We use stale-while-revalidate just to attempt to prevent unnecessary delay on cache expiry for the end user. For this purpose, all we need is for the delta between stale-while-revalidate and max-age to be large enough that we would have at least 1 visitor to any given page (for any given cache node) in between the two. Currently the delta is 1 minute (300 vs 360 seconds), which should be sufficient for pages with any significant traffic.

If you want to mask errors, the header to use would be stale-if-error:

stale-if-error={seconds} Indicates the client will accept a stale response if the check for a fresh one fails. The seconds value indicates how long the client will accept the stale response after the initial expiration.

https://developer.mozilla.org/en-US/docs/Web/HTTP/Headers/Cache-Control

I'm wary to do this because I'm worried about errors being masked to us, such that we don't realise until some potentially more significant downstream effect of those errors emerges instead (e.g. a page 500s because its operations are too slow/expensive, then those expensive calls compound and bring down the pods altogether).

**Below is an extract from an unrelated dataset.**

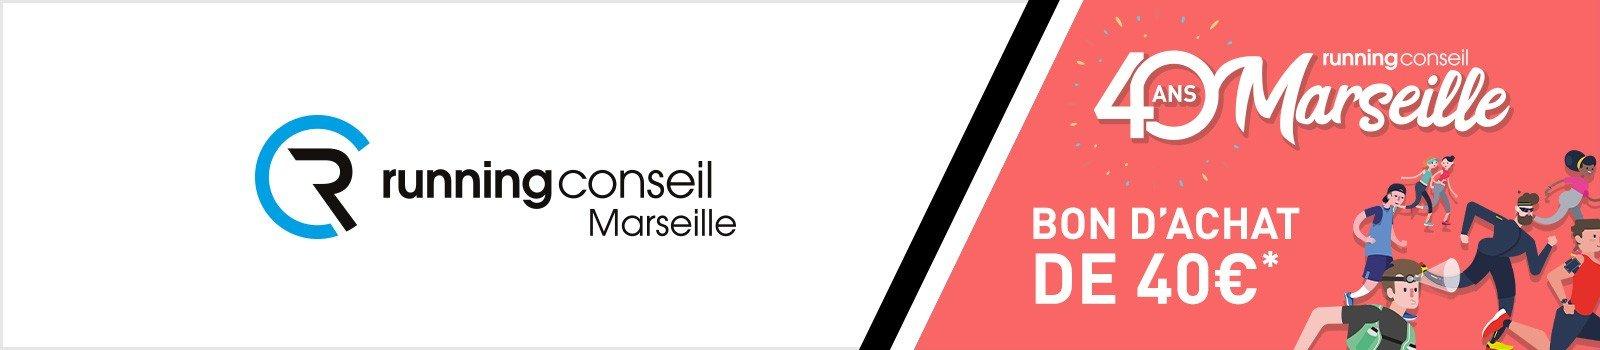 Running Conseil Marseille fête ses 40 ans - Téléchargez votre bon d'achat

If we had another robust mechanism for making sure these errors were brought to our attention in a reliable way, then I'd be more than happy to mask them for the end user. However, at the moment we don't have such a reliable system. We have Sentry, but we get so many errors in there that we can't currently treat new errors coming in as an immediate priority, so this doesn't work for this purpose.

I think we'd need an investigation into what would be the best way to achieve a reliable notification system for important errors before we can add stale-if-error.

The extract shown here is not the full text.